Take the entries that follow and return exactly the lines from the one holding "Максим Адаменко" through the one holding "Ca Resurfacing 1", both included. Nothing else is needed.

● Records to process:
====

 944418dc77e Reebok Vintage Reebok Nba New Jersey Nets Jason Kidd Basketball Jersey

====

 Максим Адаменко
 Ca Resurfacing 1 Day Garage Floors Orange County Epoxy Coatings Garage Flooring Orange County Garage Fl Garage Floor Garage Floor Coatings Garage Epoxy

====

● Response box:
 Максим Адаменко
 Ca Resurfacing 1 Day Garage Floors Orange County Epoxy Coatings Garage Flooring Orange County Garage Fl Garage Floor Garage Floor Coatings Garage Epoxy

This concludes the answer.